Expectations reality
Predictive coding faces the dreaded S curve, e-discovery comes back home … and the cloud becomes SO important”

 Part 1 of a 3 part series

 Herein I provide an overview of the three subjects noted in my title — all quite related — and my musings on the S curve.  In Part 2 I will focus on the rapid movement of e-discovery to the cloud, and in Part 3 I will explain the reasons for the equally rapid movement of e-discovery back to the corporate legal department.


25 April 2017 – Many, many years ago I had the good fortune of attending what I call a “masterclass” led by Alvin Toffler. Yes, the celebrated author of “Future Shock” who popularized the term “information overload”.  His predictions about the consequences to culture, the family, government and the economy were remarkably accurate. He foresaw the development of cloning, the popularity and influence of personal computers and the invention of the internet, cable television and telecommuting. He envisioned a world “isolated and depressed, cut off from human intimacy by a relentless fire hose of messages and data barraging us.”

But he actually shied away from predictions, saying:

“No serious futurist deals in ‘predictions’. These are left for television oracles and newspaper astrologers. I want my readers to concern themselves more and more with general theme, rather than detail. It is the rate of change that has implications quite apart from, and sometimes more important than, the directions of change.

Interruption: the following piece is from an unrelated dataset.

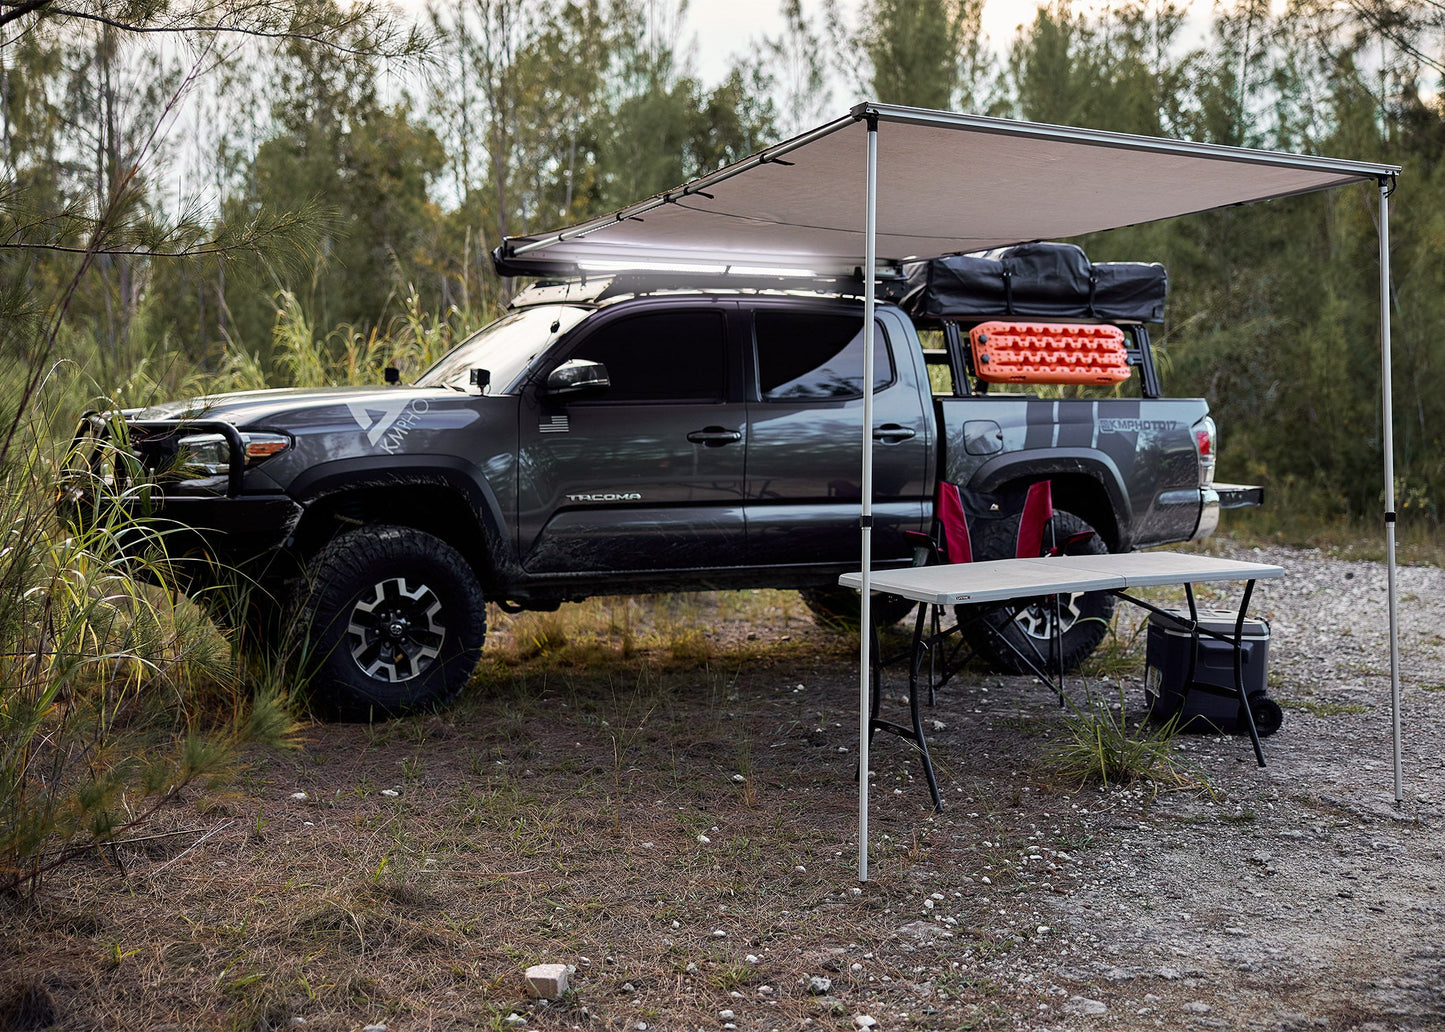 Dobinsons 4x4 Roll Out Awning 8FT x 9.8FT Large Size with LED Lights (CE80-3904)

It was in this “masterclass” that he explained how to synthesize disparate facts and to see the convergence of science, capital and communications and how it produced such swift change, creating an entirely new kind of society.

I have tried to apply that to my reading and writing. It is not the numbering and storing of the dots, but rather the connecting of the dots, and seeing the trend lines.

And so it is with my analysis of technology.

This coming fall Apple will release a new iPhone design. It is touted to be a “BIG” event because Apple has postponed any really new design and kept the 6 design for three years instead of the usual two years. The marking buzz (hype?) says “boy, they MUST have SOMETHING that will REALLY attract attention!!”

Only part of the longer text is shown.